El hombre sentado se levantó despacio y tomó su chaqueta. Apretaba con dedos tensos el bastón con empuñadura de marfil. No dijo nada. Observó en silencio a la mujer que entraba seguida de Frank.
—Esta es la señora Herrick —dijo Frank—. Jill, te presento al director Douglas.
—He oído hablar de usted —dijo Jill en voz baja.
—Entonces sabe cuál es nuestra labor.
—Sí. La conozco.
—Este asunto es desagradable. Ha ocurrido antes. No sé qué le habrá comentado Frank…
—Me explicó la situación.
—Bien —suspiró Douglas—. Me alegra oírlo. No es fácil de describir. Ya comprenderá, entonces, lo que necesitamos. En los casos anteriores, los neutralizamos en el espacio: una dosis de vibrotubos y recuperamos los contenidos originales. Esta vez, sin embargo, debemos seguir los cauces legales. —Tomó una grabadora de vídeo—. Necesitamos su declaración, señora Herrick. Como no hay cambios físicos, carecemos de pruebas directas. Solo podemos presentar su testimonio sobre la alteración del carácter.
Le tendió la grabadora. Jill la tomó despacio.
—El tribunal aceptará su testimonio, sin duda. Eso nos dejará las manos libres y procederemos. Si sale bien, todo volverá a ser exactamente como antes.
Jill miró al hombre que aguardaba en silencio en el rincón, con la chaqueta y el bastón en la mano.
—¿Como antes? —preguntó—. ¿Qué quiere decir?
—Como antes del cambio.
Jill se volvió hacia Douglas. Depositó la grabadora sobre la mesa con perfecta calma.
—¿A qué cambio se refiere?
Douglas palideció. Se humedeció los labios. Todos la miraron fijamente.

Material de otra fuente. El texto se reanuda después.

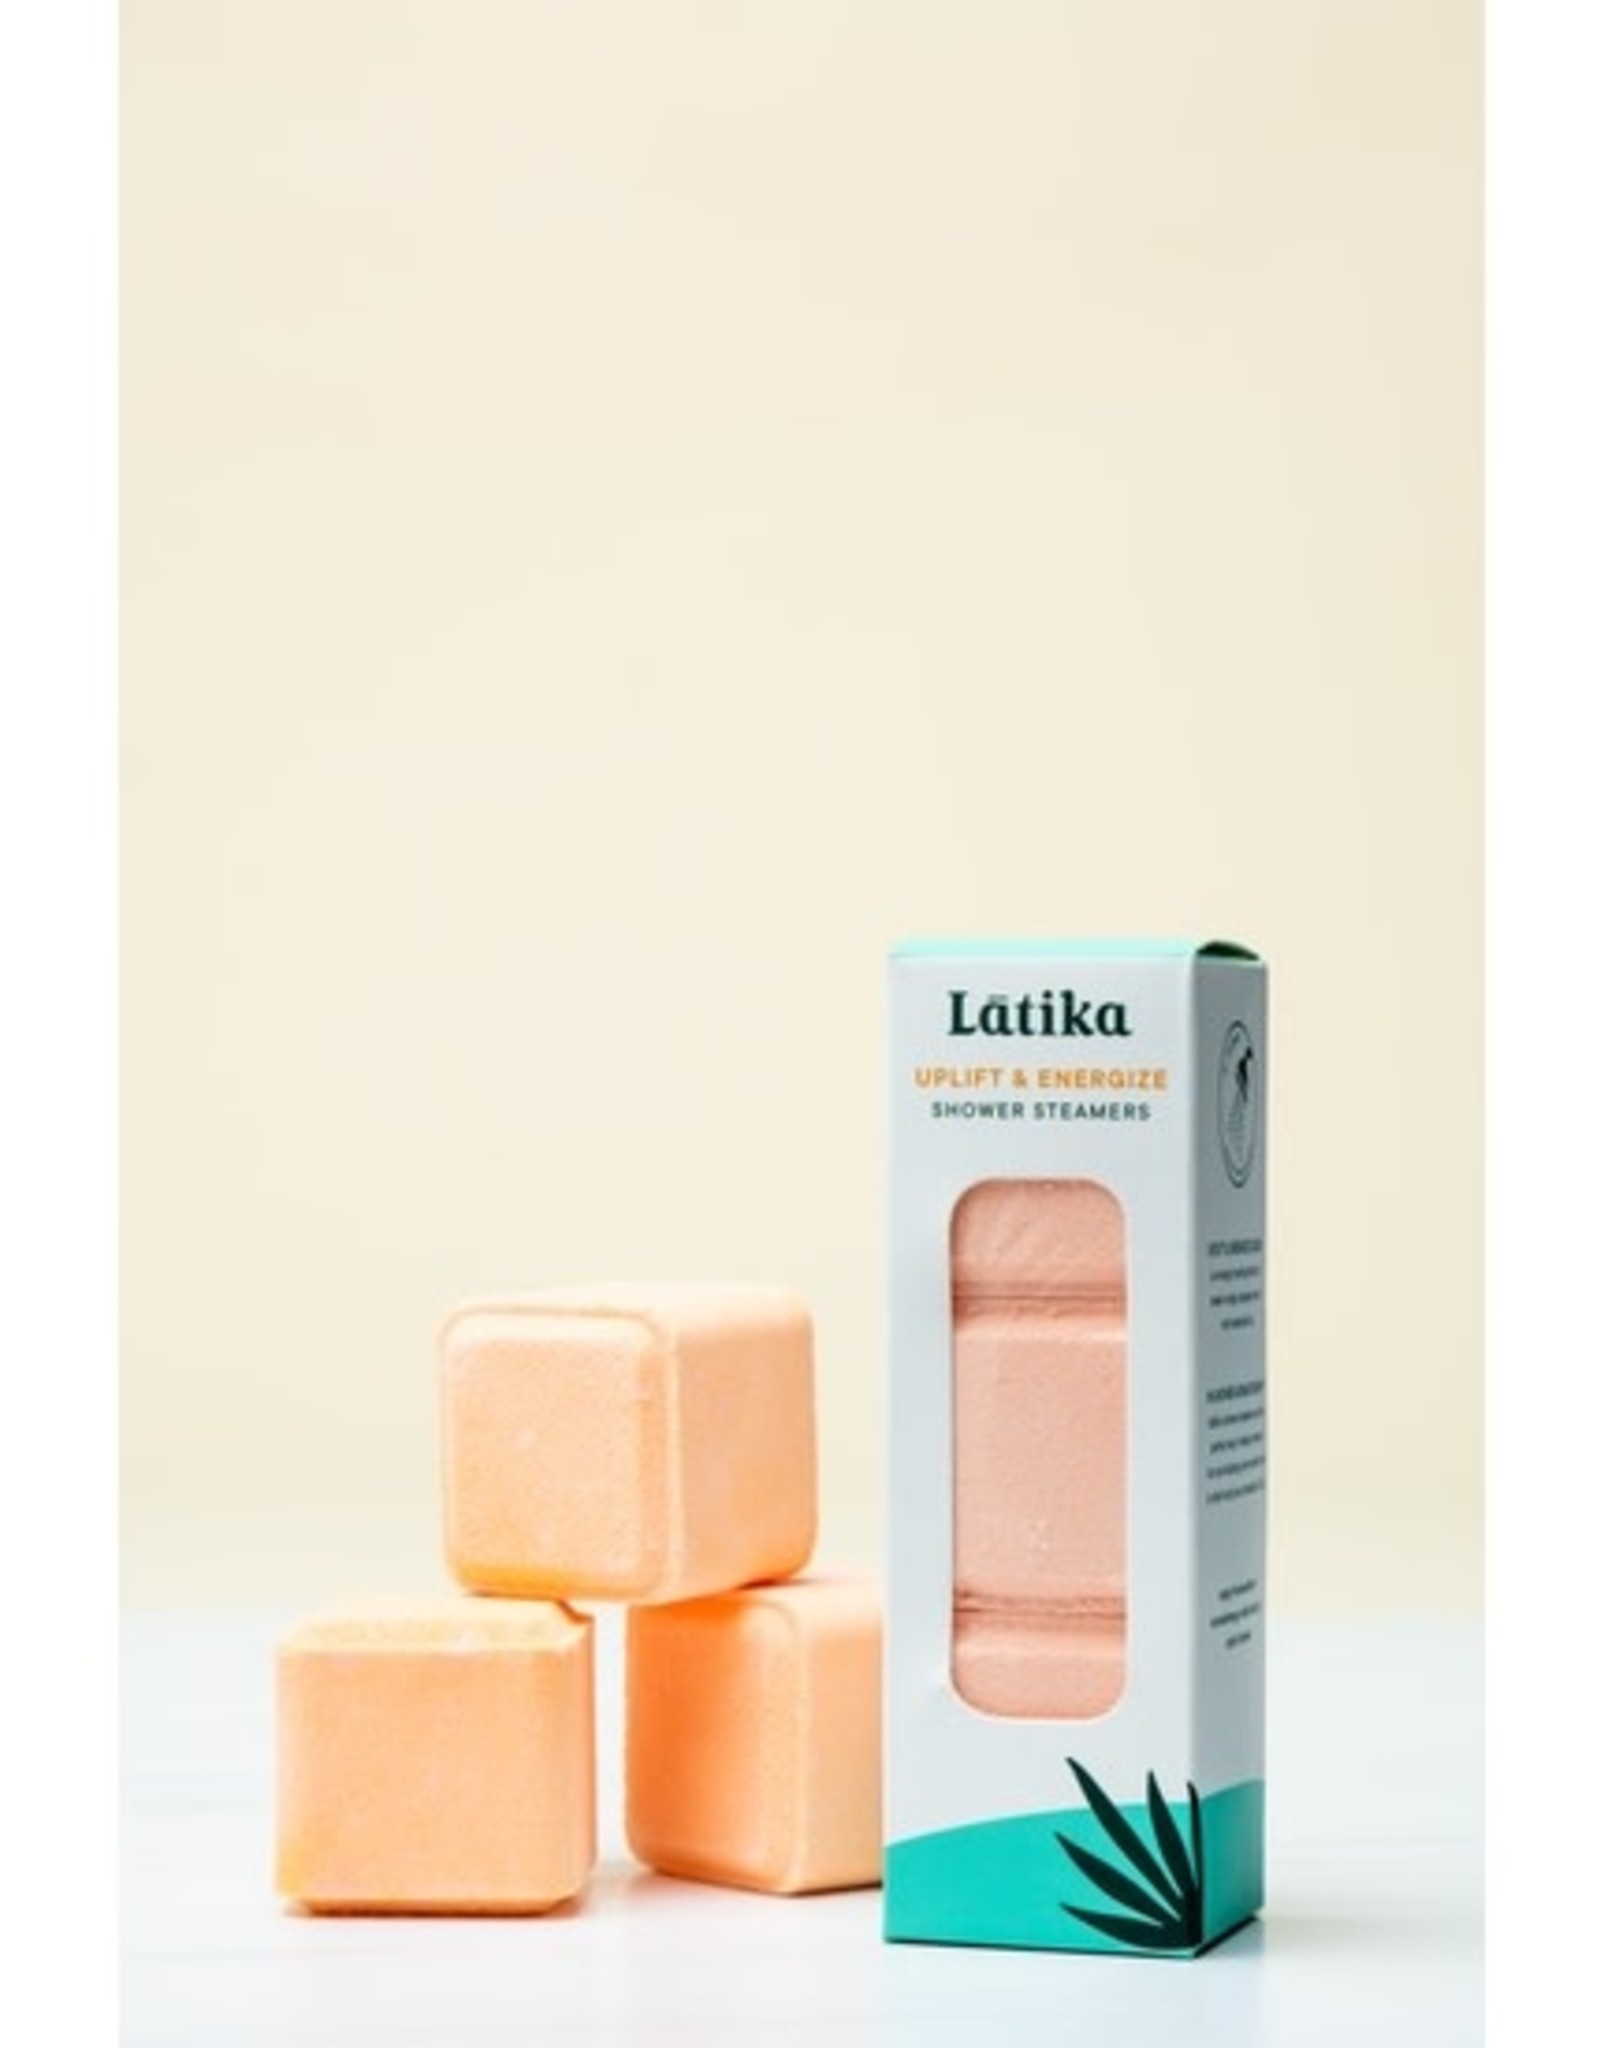 Latika Body Shower Steamer - Uplift & Energize
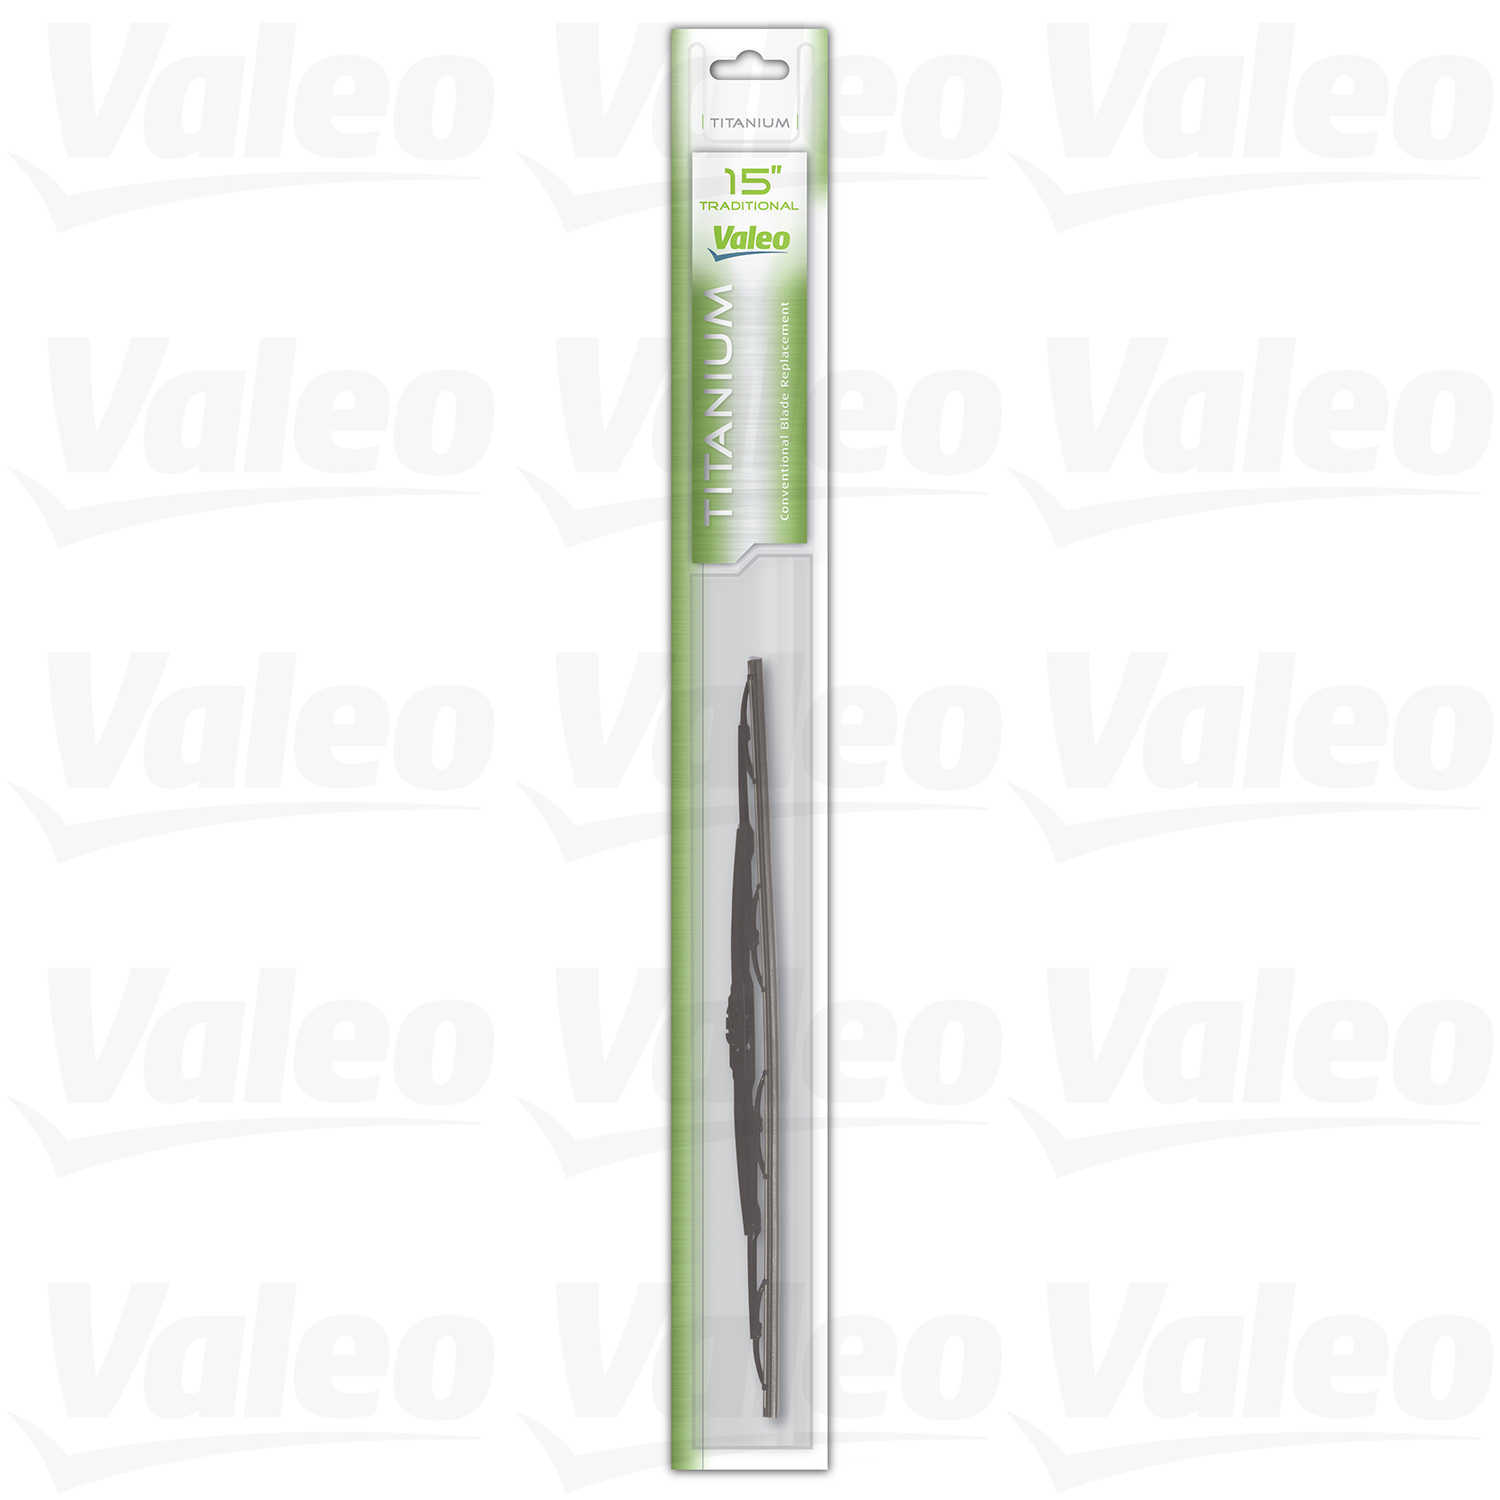 VALEO - Traditional Titanium Wiper Blade - VEO 604466

—El cambio en él —respondió, señalando al hombre.
—¡Jill! —gritó Frank—. ¿Qué te pasa? —Corrió hacia ella—. ¡Sabes perfectamente a qué cambio nos referimos!
—Pues me sorprende —dijo Jill, pensativa—. Yo no he notado ningún cambio.
Frank y Douglas intercambiaron una mirada.
—No lo entiendo —murmuró Frank.
—Señora Herrick… —empezó Douglas.
Jill se acercó al hombre que esperaba en silencio.
—¿Nos vamos, querido? —preguntó, tocándole el brazo—. ¿Hay algún motivo por el que mi marido no pueda irse de aquí?
El hombre y la mujer caminaban en silencio por la calle oscura.
—Bien, vamos a casa —dijo Jill.
—Es una tarde espléndida —comentó él, mirándola. Aspiró el aire profundamente—. Creo que la primavera se acerca. ¿No te parece?
Jill asintió.
—¿Vamos a pie? ¿Está lejos?
—No mucho.
El hombre la miró, serio.
—Te debo una, querida —dijo.
Jill asintió sin mirarlo.
—Debo darte las gracias. Admito que no esperaba este…
Jill se detuvo.
—¿Cómo te llamas? ¿Cuál es tu verdadero nombre?
Los ojos grises del hombre brillaron. Una sonrisa leve, dulce y hermosa asomó a sus labios.
—Me temo que no podrías pronunciarlo. Los sonidos… no pueden formarse.
Jill guardó silencio mientras caminaban, absorta en sus pensamientos. Las luces de la ciudad se encendían poco a poco, puntos amarillos en la oscuridad.
—¿En qué piensas? —preguntó él.
—Estaba pensando que seguiré llamándote Lester —respondió Jill—. Si no te importa.
—No me importa —dijo él.
La rodeó con el brazo y la atrajo hacia sí. La miró con ternura mientras avanzaban entre las luces amarillas que marcaban el camino.
—Lo que tú quieras. Todo lo que te haga feliz.